**Task statement:** Your answer must be the full listing, word for word, with no images in it.

**Dataset excerpt:**
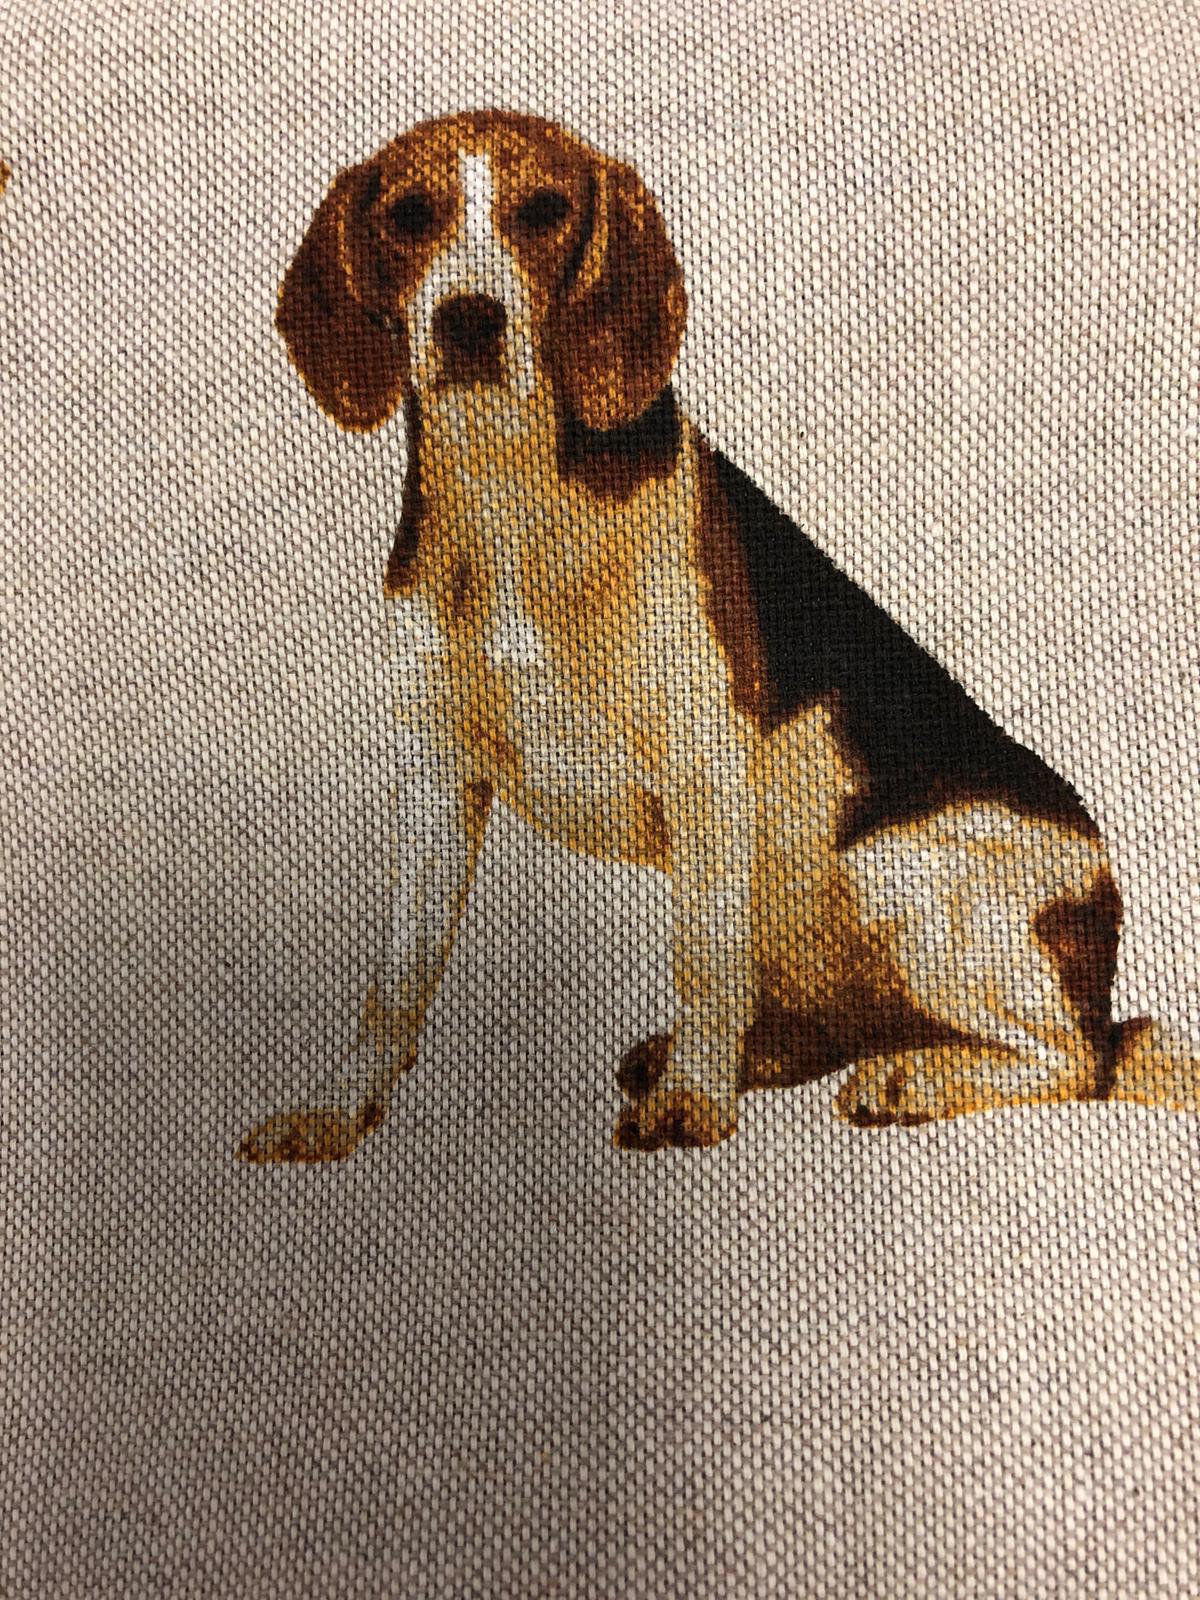 """Eddie the Beagle"" Detail"
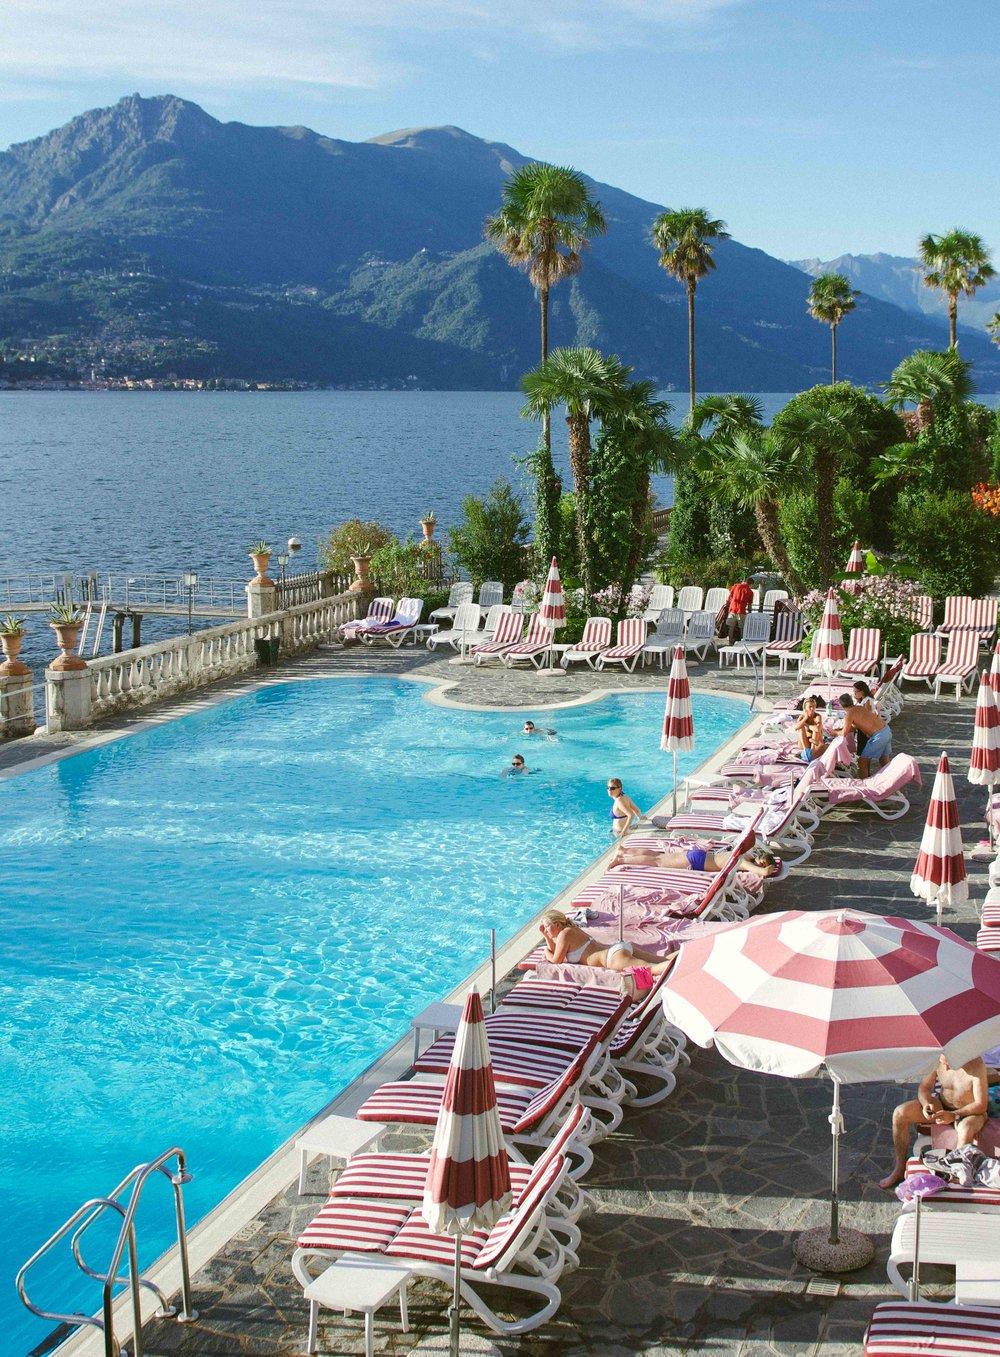 LAKE COMO ITALY - VIA TOLILA
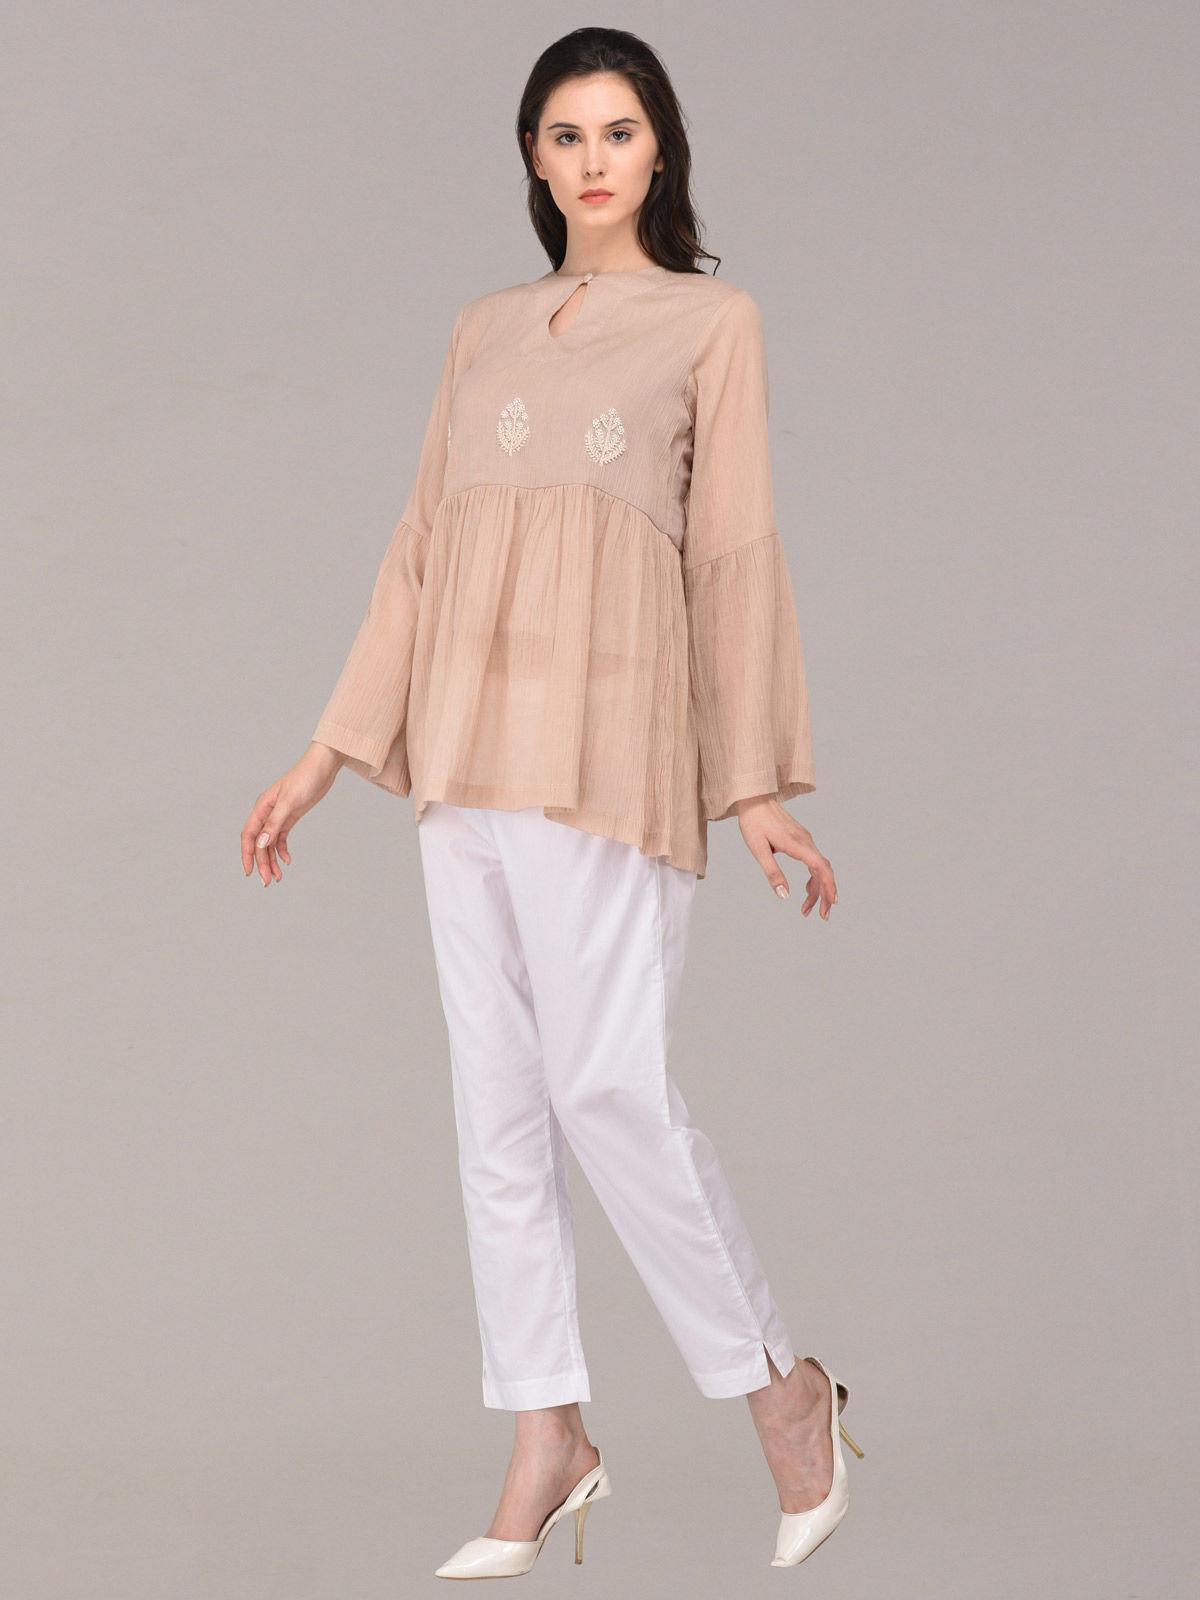 Panachee hand embroidered beige pure cotton top

**Answer to the exercise:**
 """Eddie the Beagle"" Detail"
 LAKE COMO ITALY - VIA TOLILA
 Panachee hand embroidered beige pure cotton top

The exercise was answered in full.